Please output the lines from the one with "Black Donna Karan Body Suit, 1990s" through the end of the data exactly as written, omitting all pictures.

■ Data extract ■
┄┄┄┄┄┄

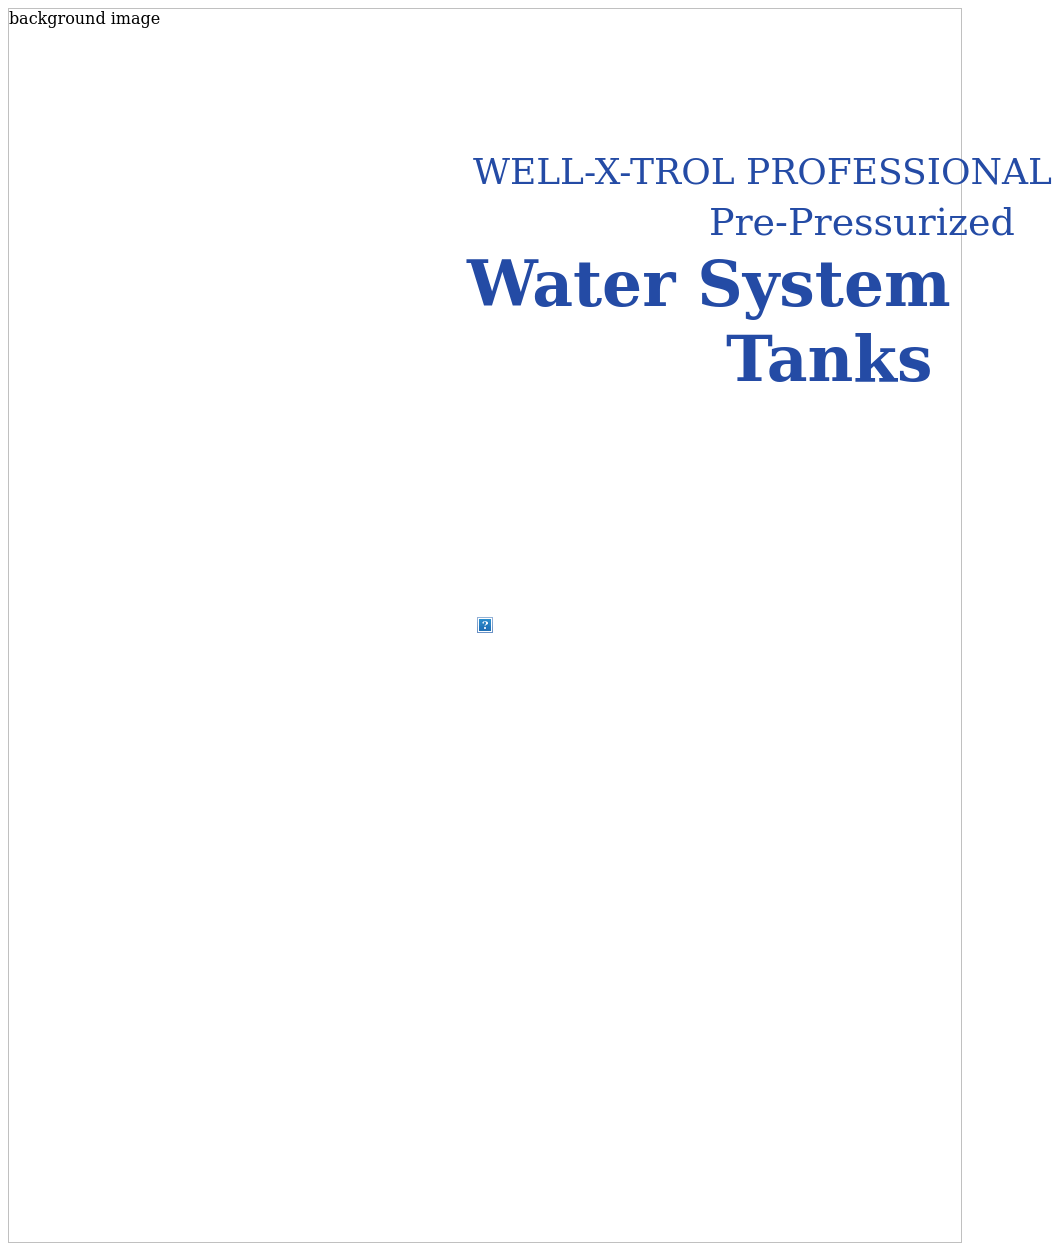 Pre-Pressurized Water System Tanks WELL-X-TROL
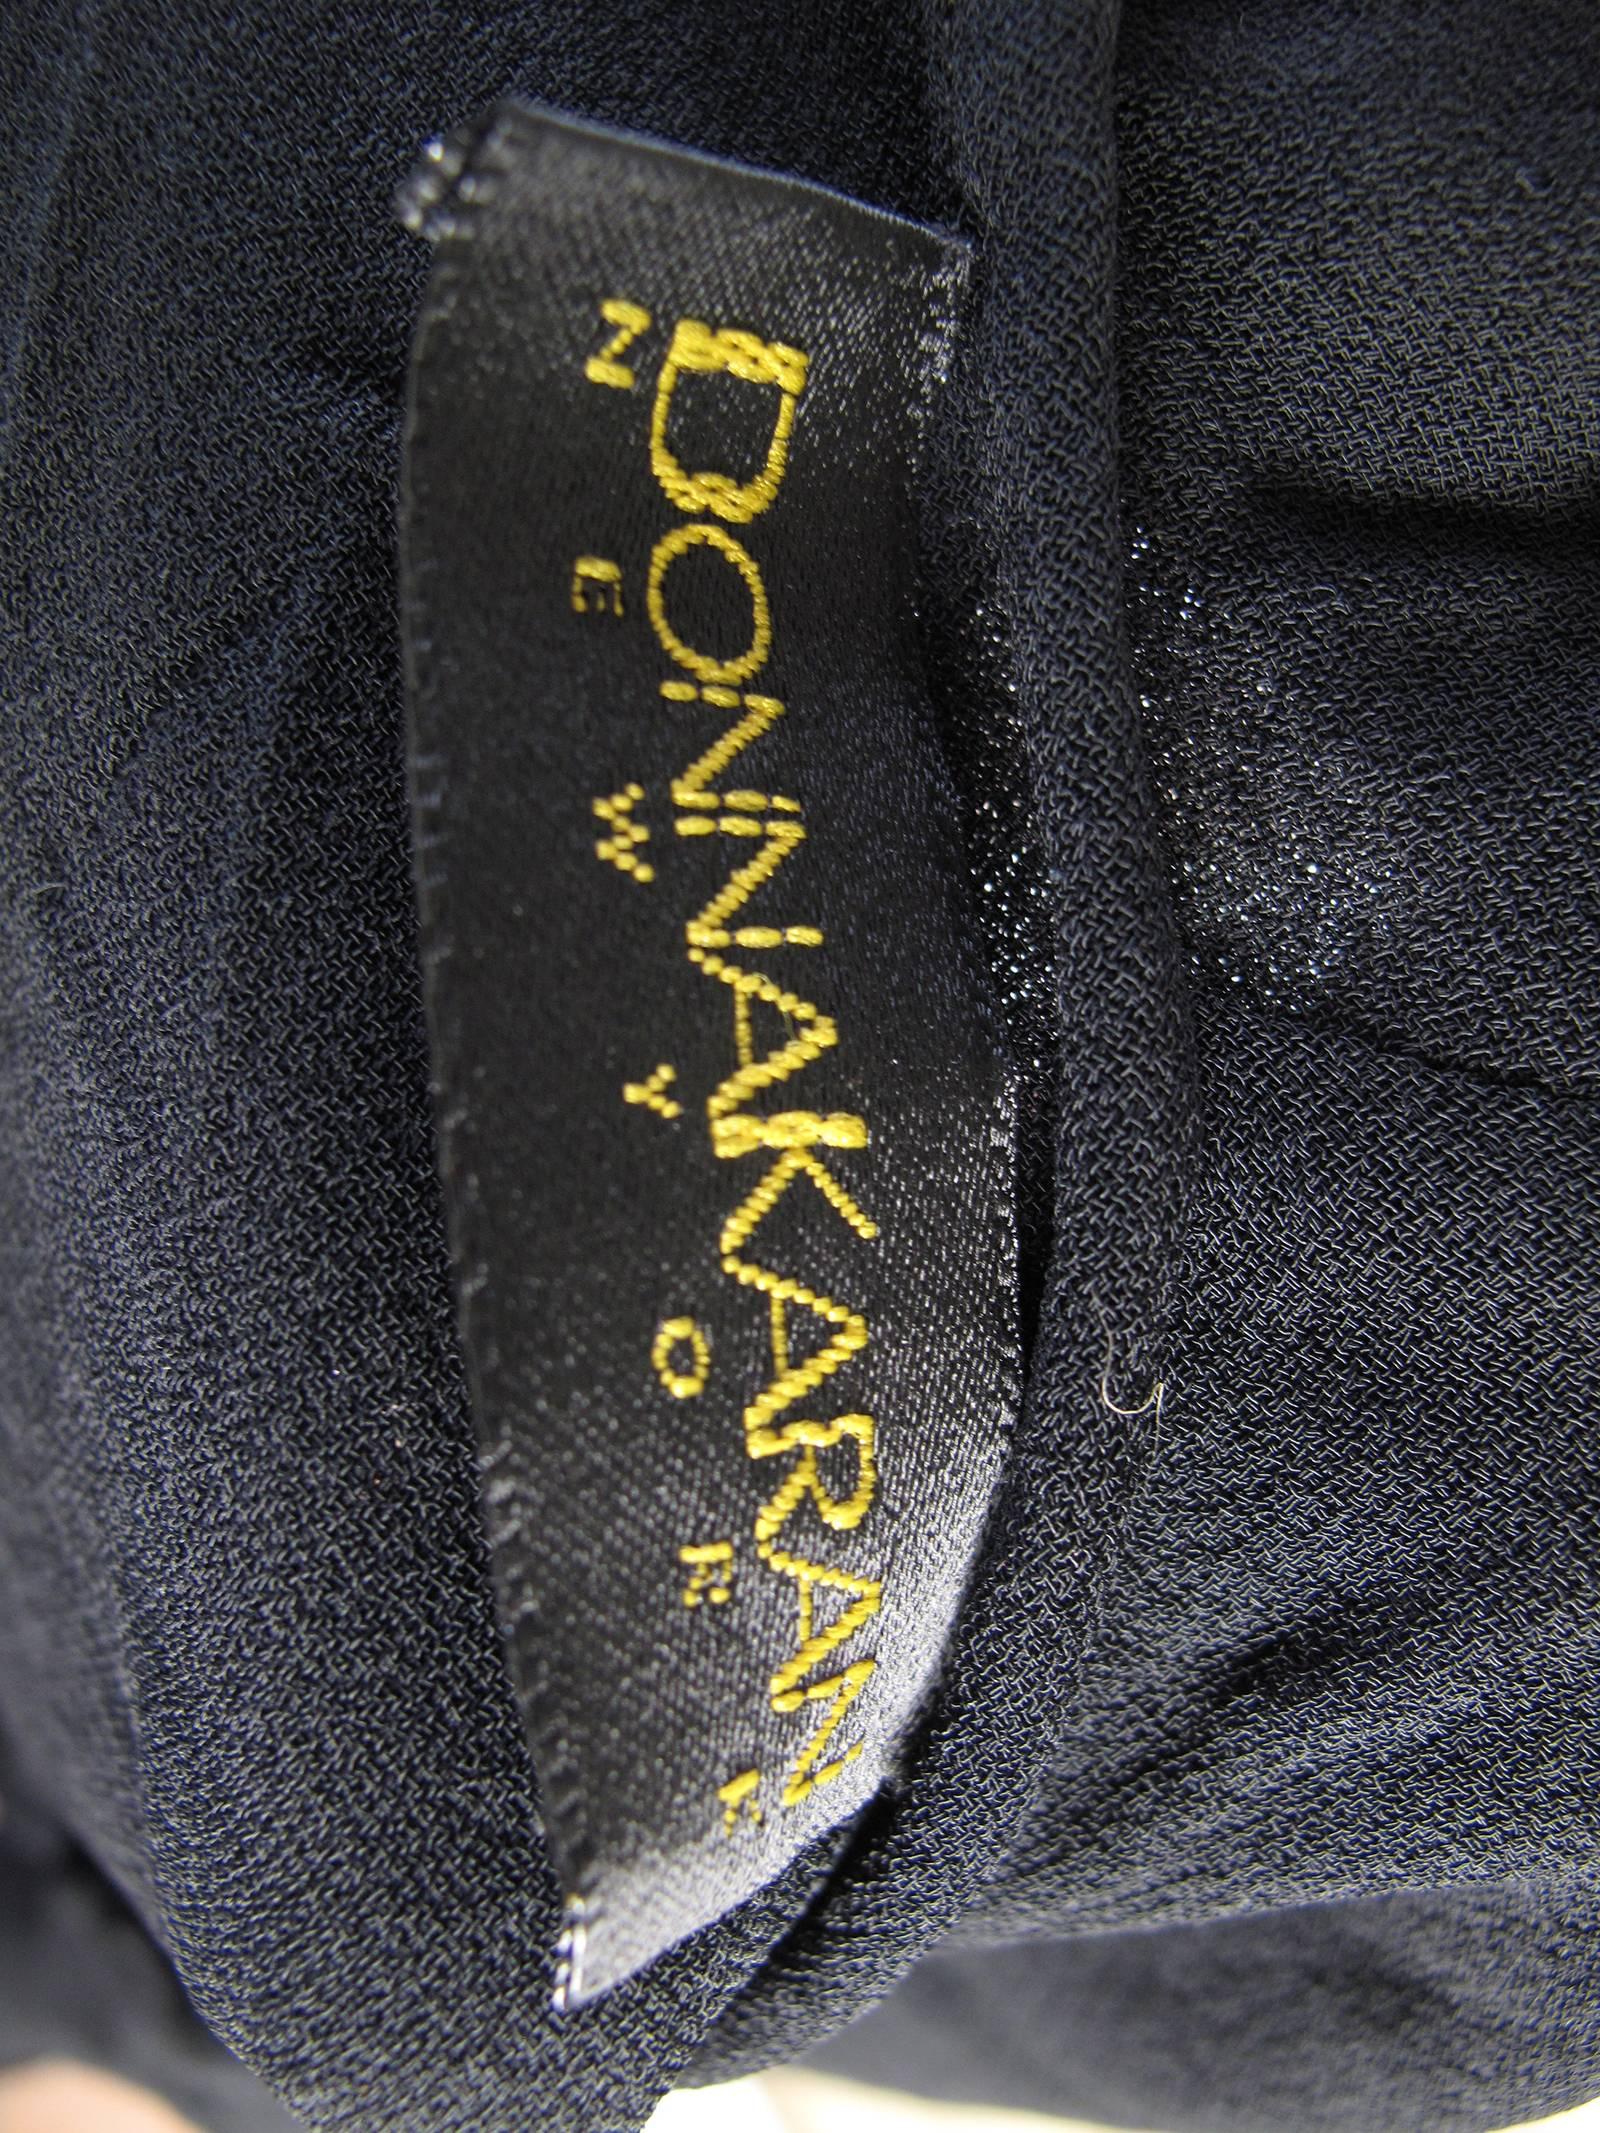 Black Donna Karan Body Suit, 1990s 
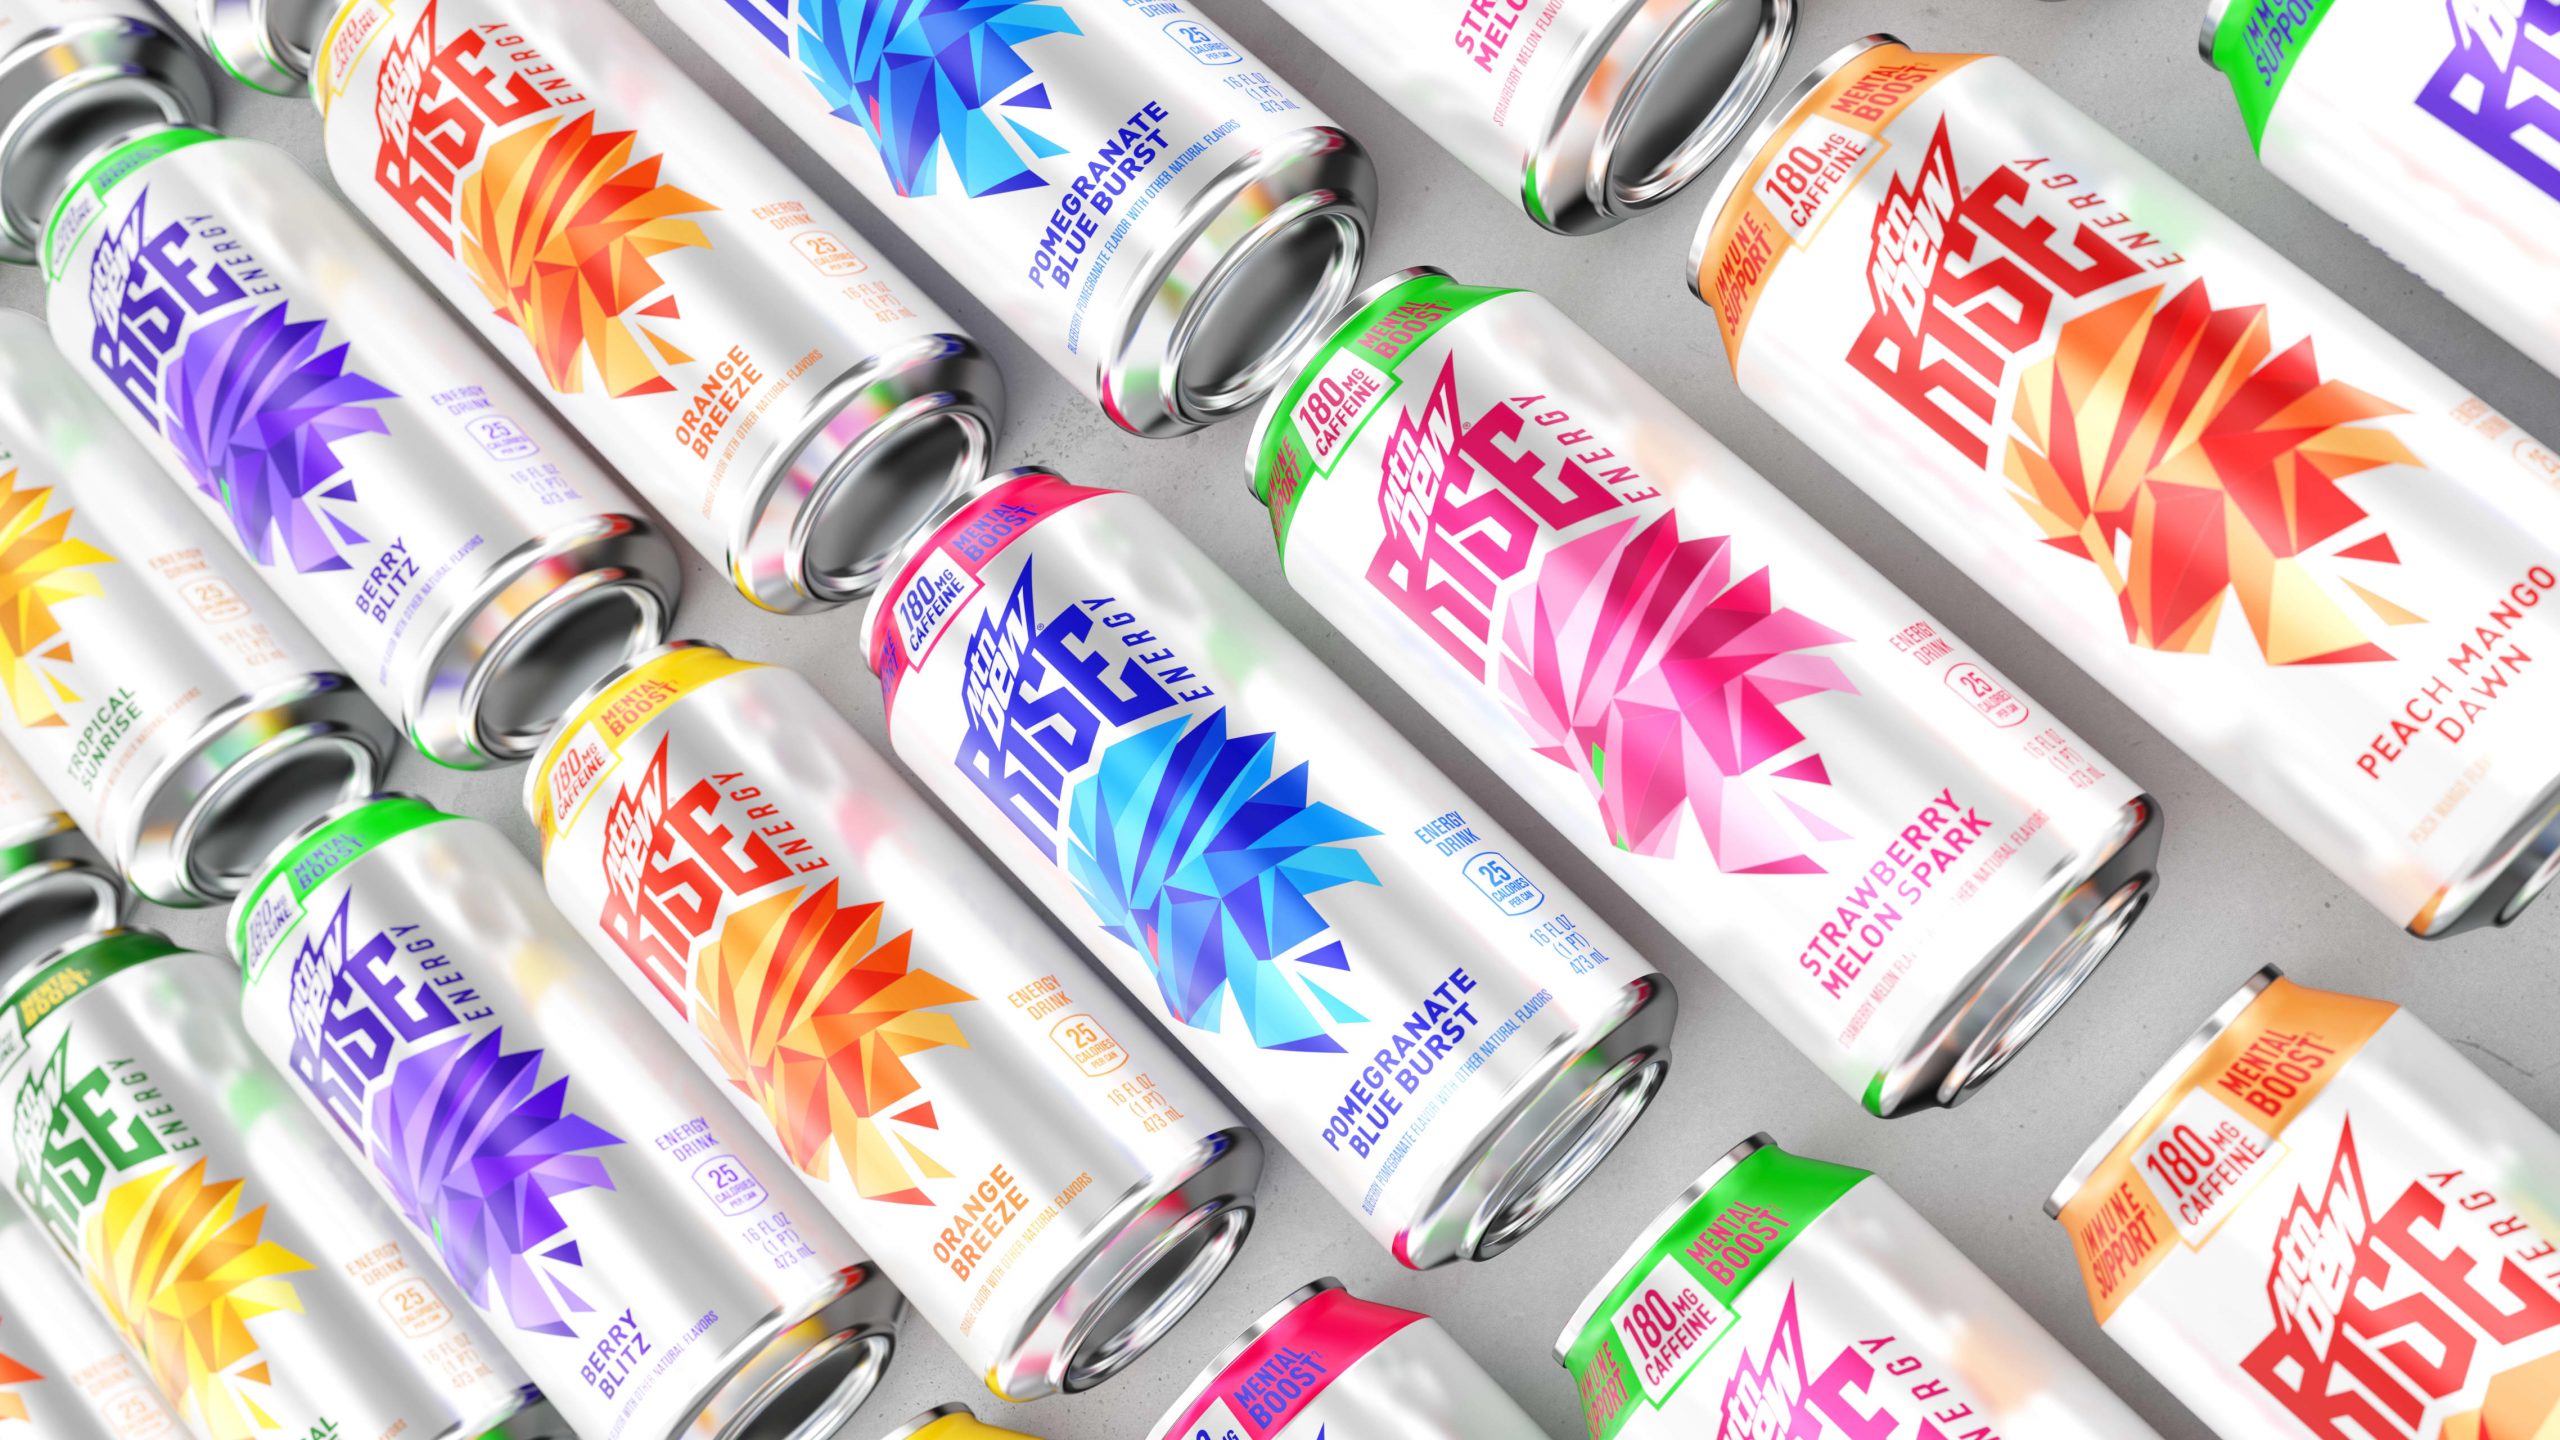 Pepsico Unveils New Line Of Mountain Dew Energy Drinks With Lebron James’ Endorsement photo

┄┄┄┄┄┄

■ Solved problem ■
 Black Donna Karan Body Suit, 1990s 
 Pepsico Unveils New Line Of Mountain Dew Energy Drinks With Lebron James’ Endorsement photo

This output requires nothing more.